▸ Data block:
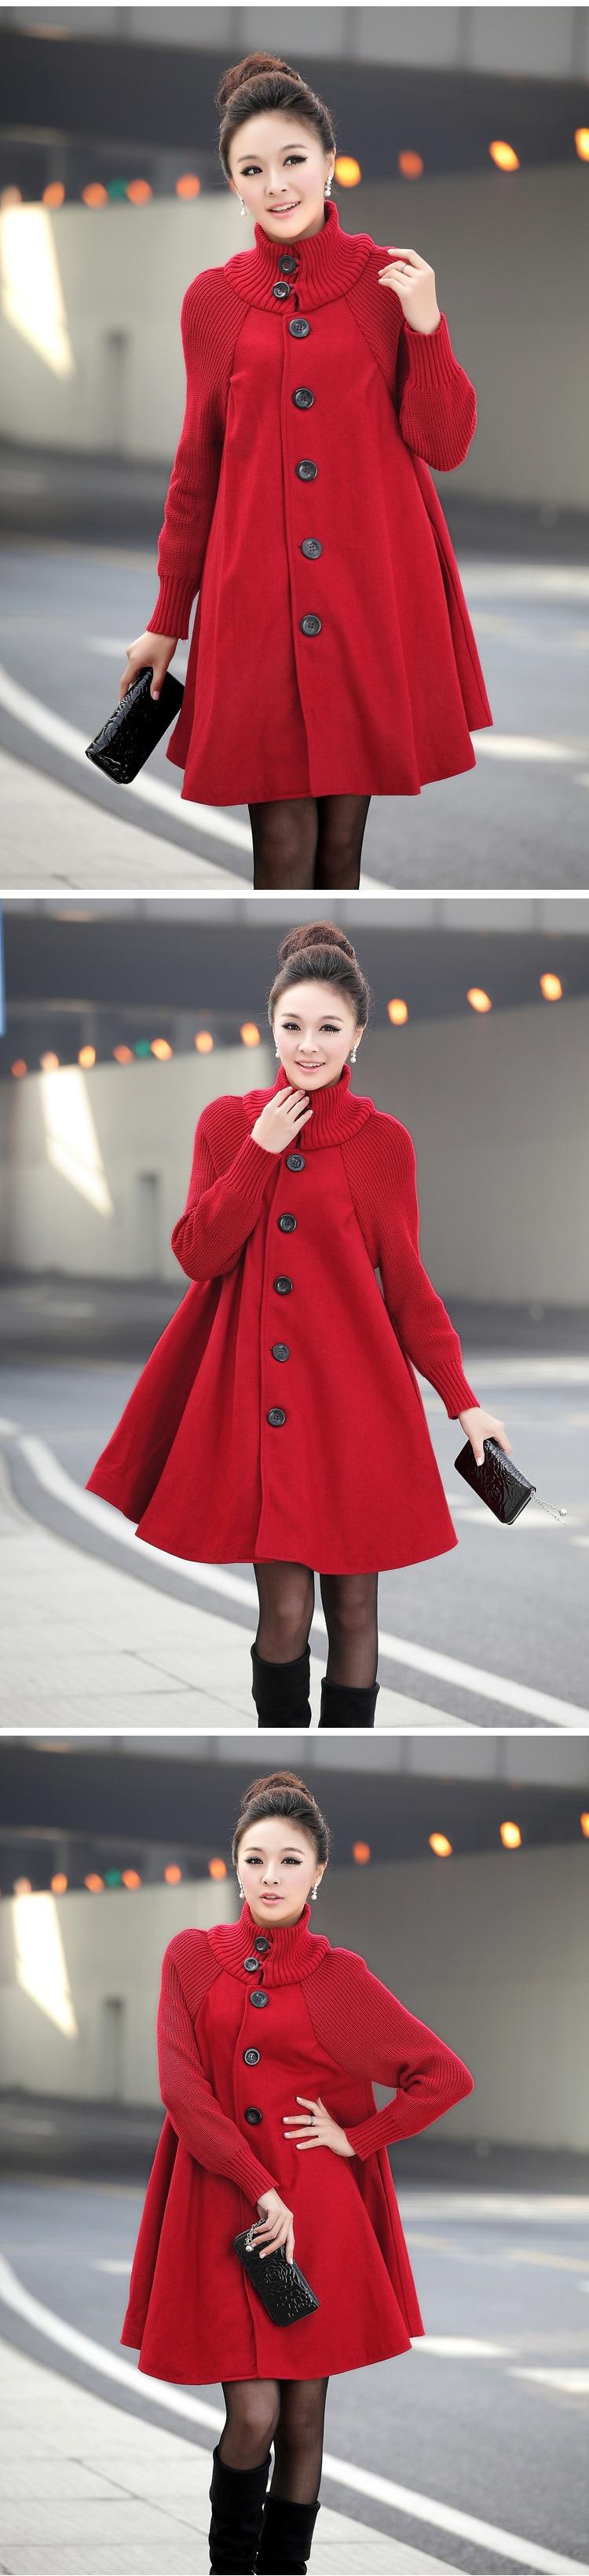 Autumn Winter Coat Women 2019 Casual Vintage Patchwork Cloak Plus Size Coats Female Elegant Warm Black Long Coat casaco feminino 73
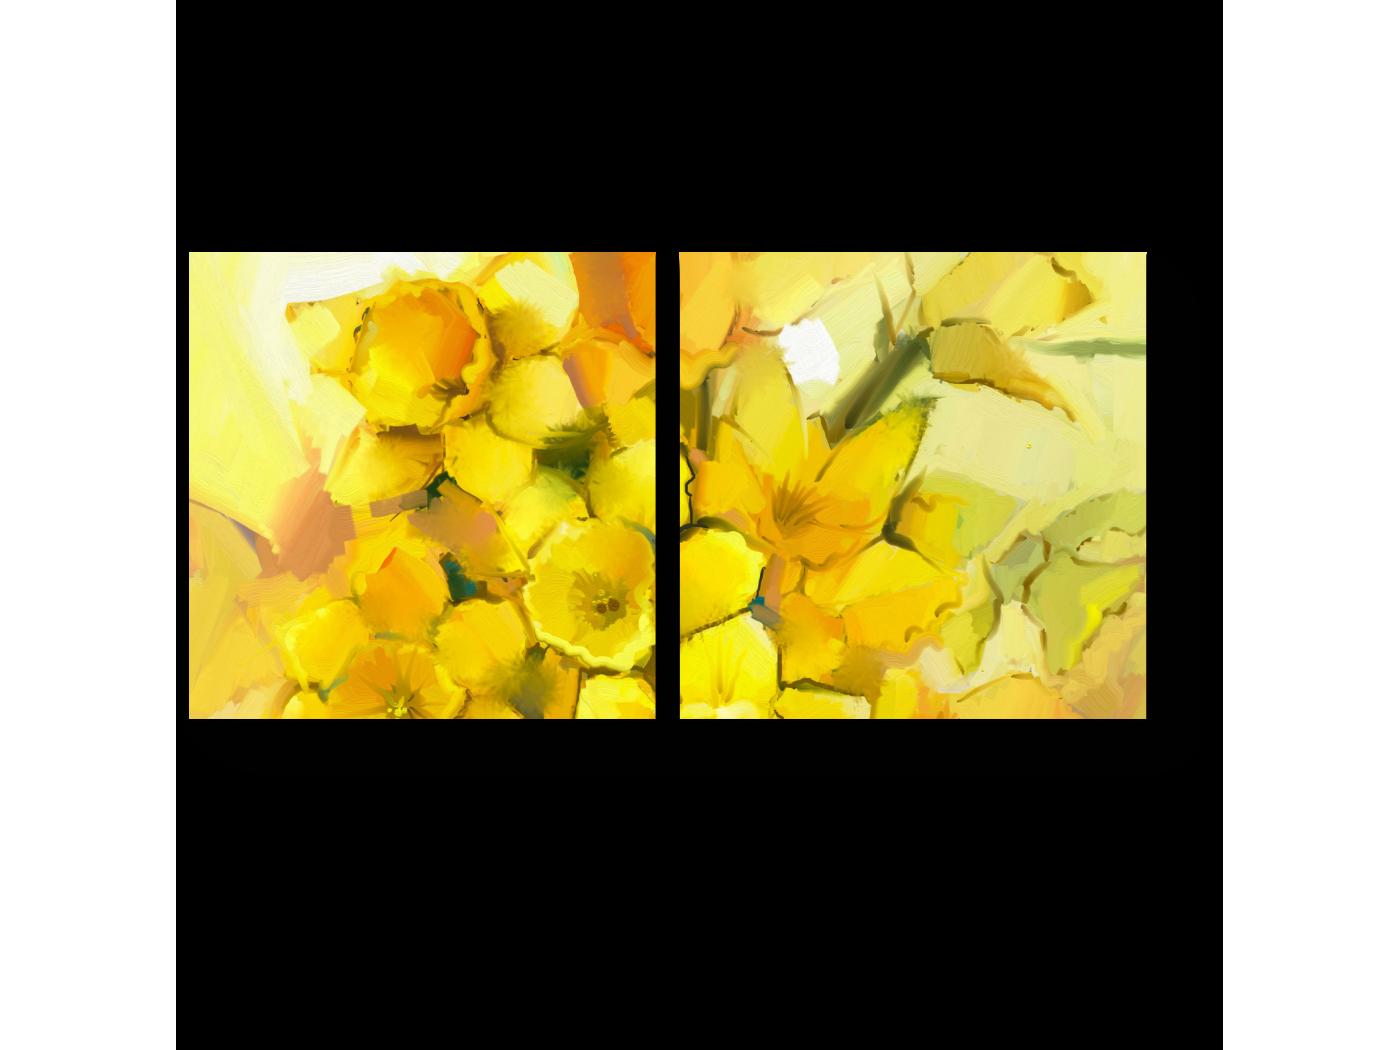 Модульная картина Солнечный букет нарциссов (40x20) фото
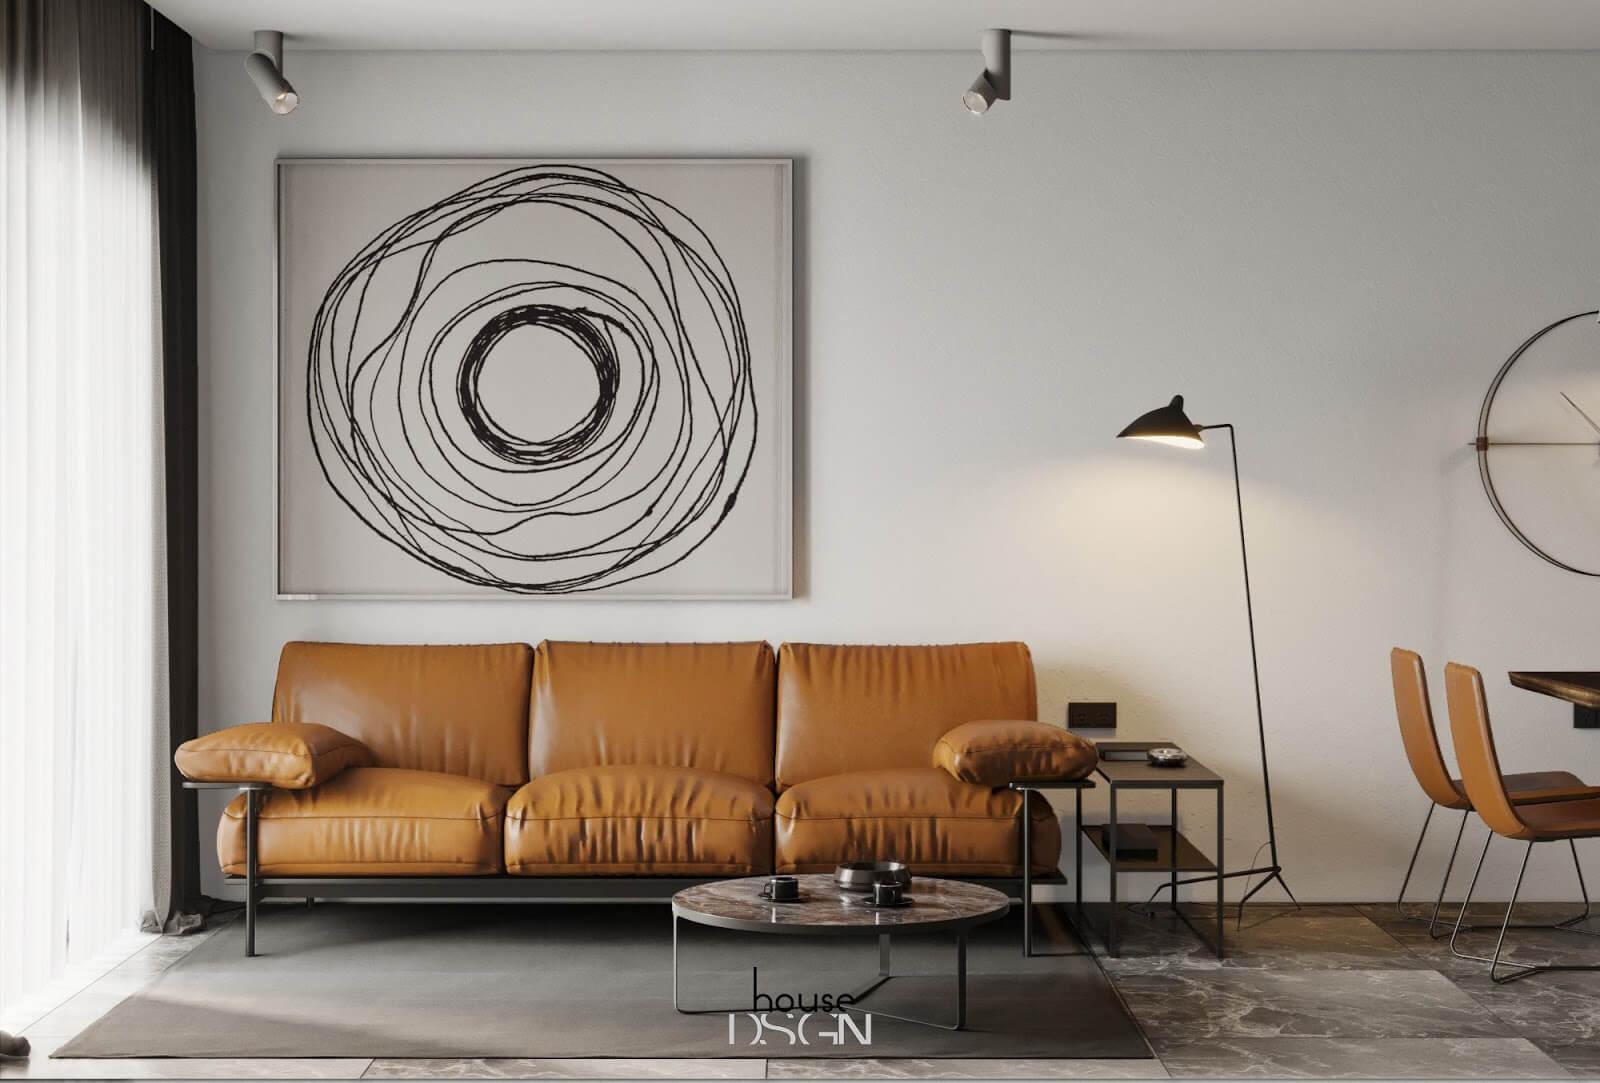 mẫu phong cách thiết kế nội thất urban

▸ Task to carry out: Could the listing above be printed again in full, with every picture omitted?

▸ The answer:
 Autumn Winter Coat Women 2019 Casual Vintage Patchwork Cloak Plus Size Coats Female Elegant Warm Black Long Coat casaco feminino 73
 Модульная картина Солнечный букет нарциссов (40x20) фото
 mẫu phong cách thiết kế nội thất urban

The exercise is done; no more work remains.